Silvina Caino-Lores, PhD (Inria, France)

Gabriel Antoniu, PhD, HDR (Inria, France)

Location and Mobility

The thesis will be hosted by the KerData team at the Inria research center of Rennes. Rennes is the capital city of Britanny, in the western part of France. It is easy to reach thanks to the high-speed train line to Paris. Rennes is a dynamic, lively city and a major center for higher education and research: 25% of its population are students.

This thesis will likely include collaborations with international partners from Europe or the USA, thus research visits to and from the collaborator's teams are expected.

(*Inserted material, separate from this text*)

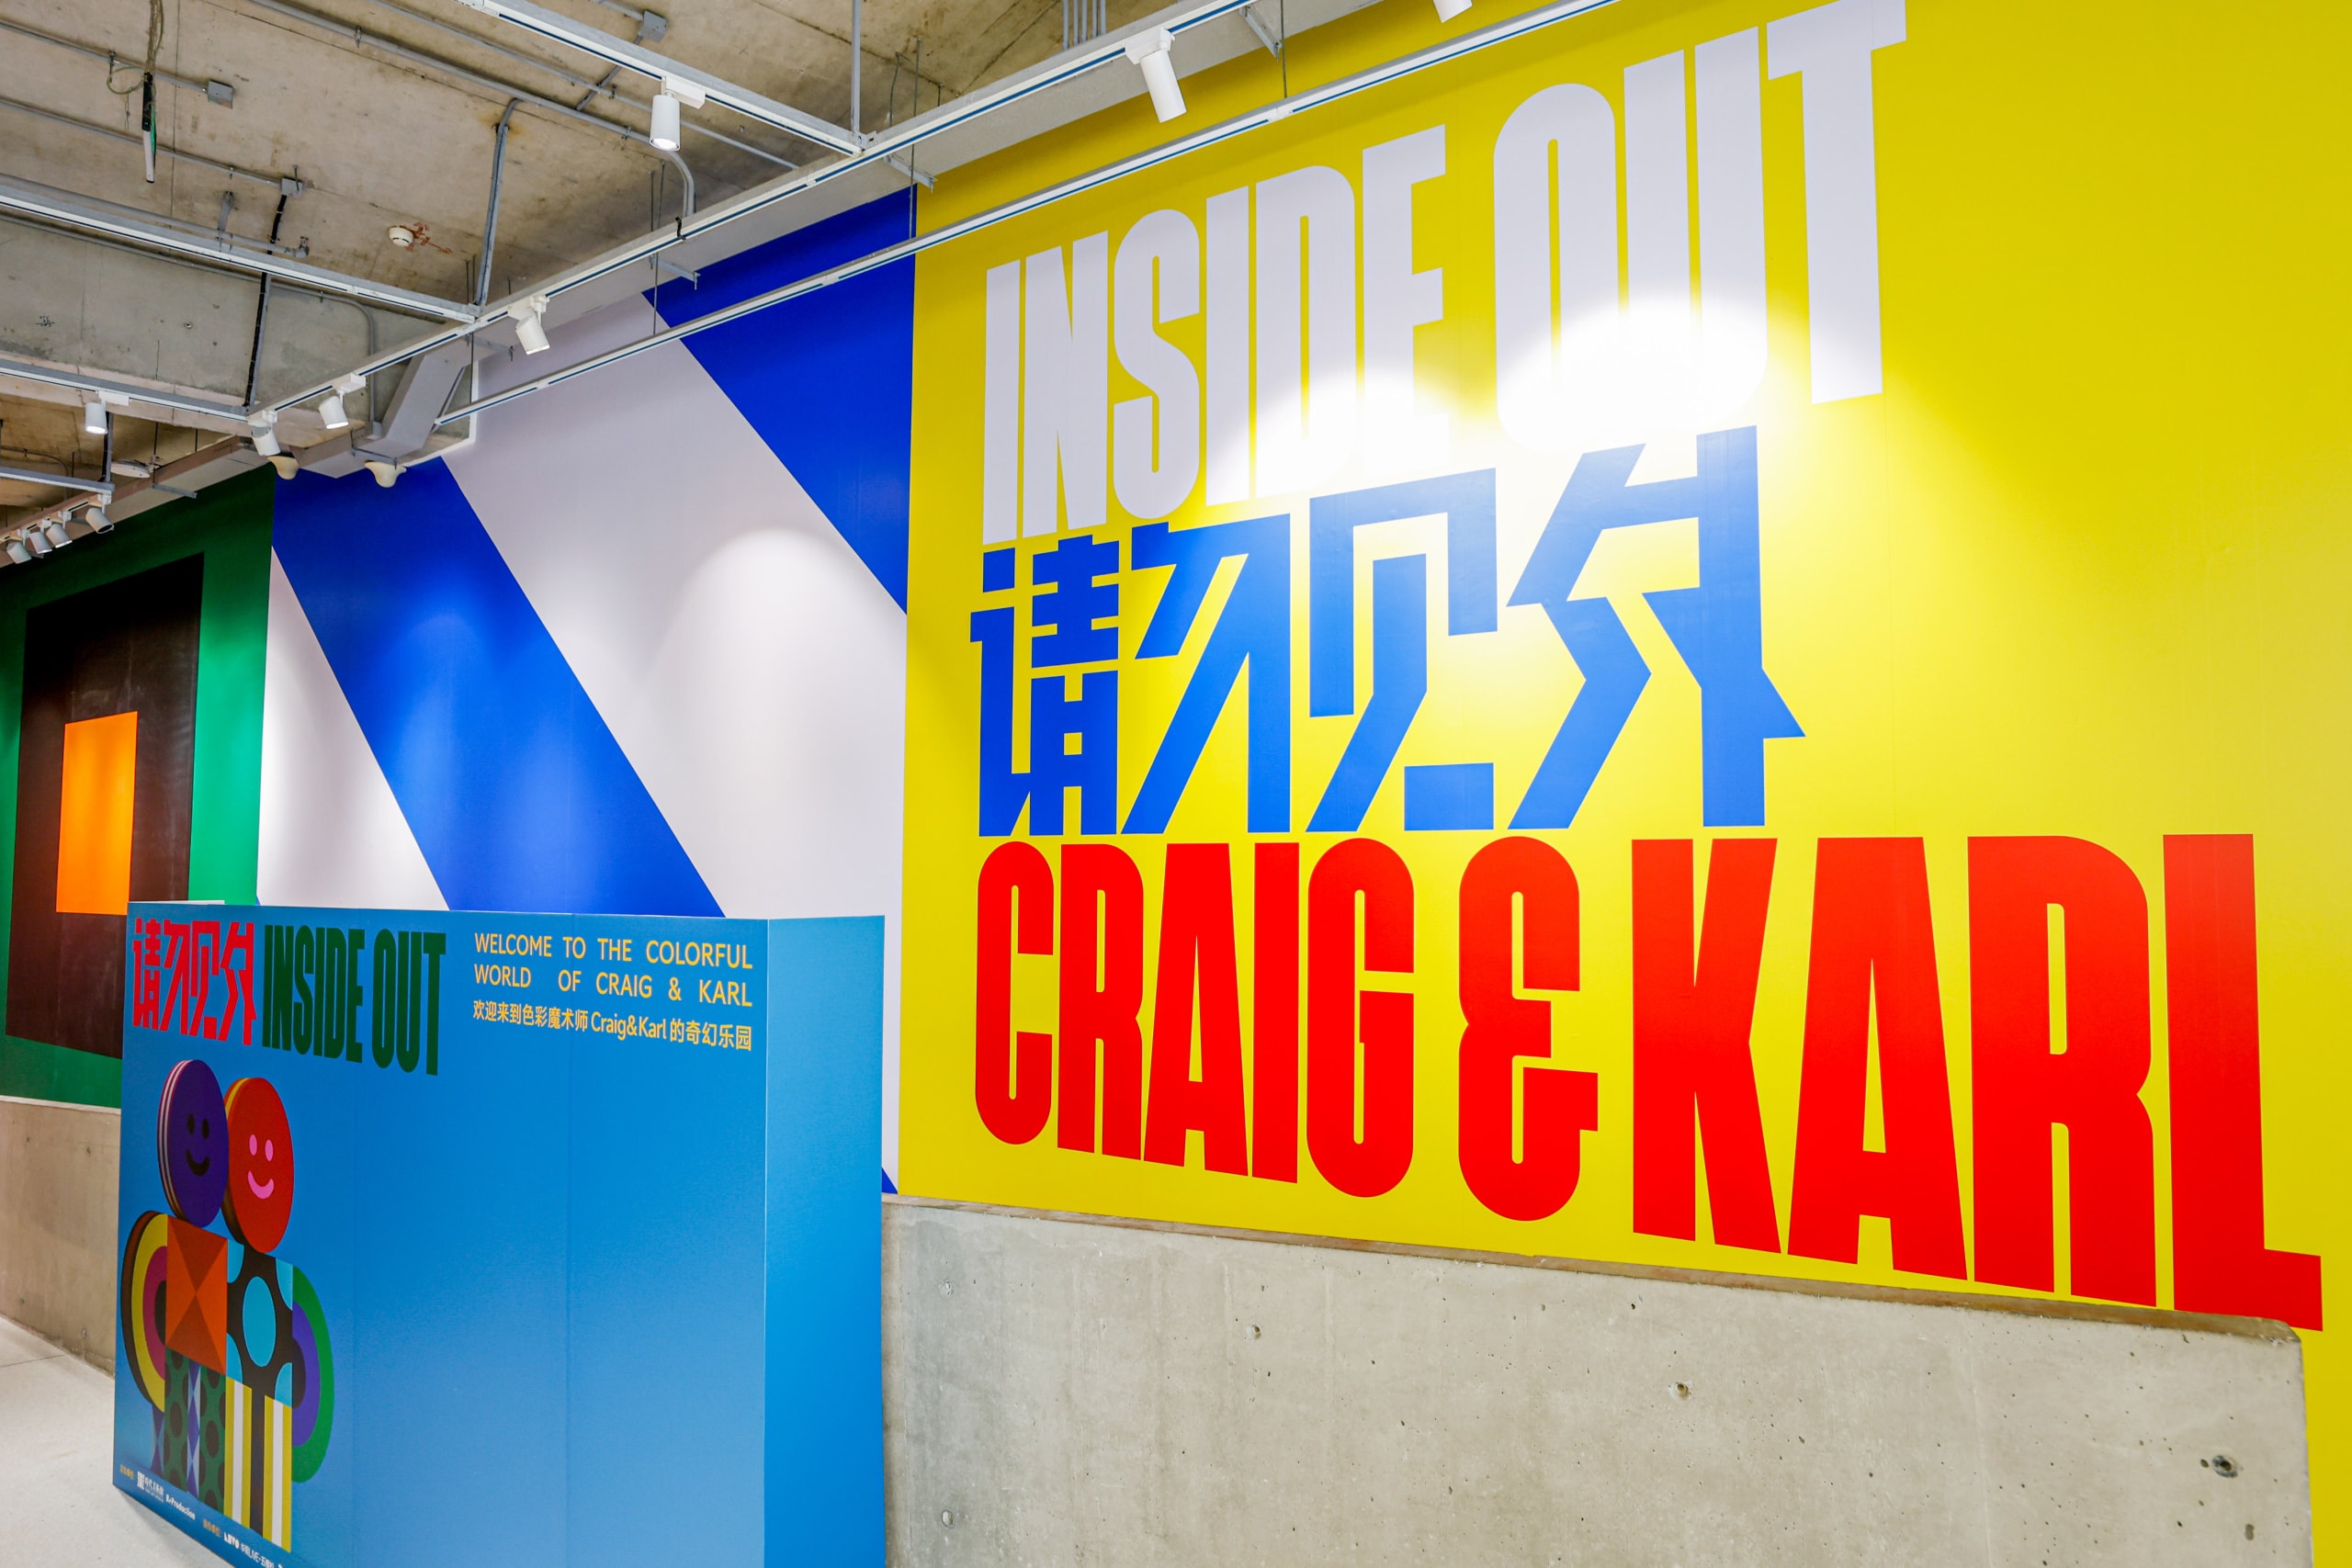 艺术家组合 Craig & Karl 于北京开设个展《INSIDE OUT 请勿见外》

The KerData team in a nutshell for candidates

KerData is a human-sized team currently comprising 5 permanent researchers, 2 contract researchers, 1 engineer and 5 PhD students. You will work in a caring environment, offering a good work-life balance.

KerData is leading multiple projects in top-level national and international collaborative environments such as within the Joint-Laboratory on Extreme-Scale Computing: Our team has active collaboration with high-profile academic institutions all around the world (including the USA, Spain, Germany or Japan) and with industry.

Our team strongly favors experimental research, validated by implementation and experimentation of software prototypes with real-world applications on real-world platforms incluing some of the most powerful supercomputers worldwide.

The KerData team is committed to personalized advising and coaching, to help PhD candidates train and grow in all directions that are critical in the process of becoming successful researchers.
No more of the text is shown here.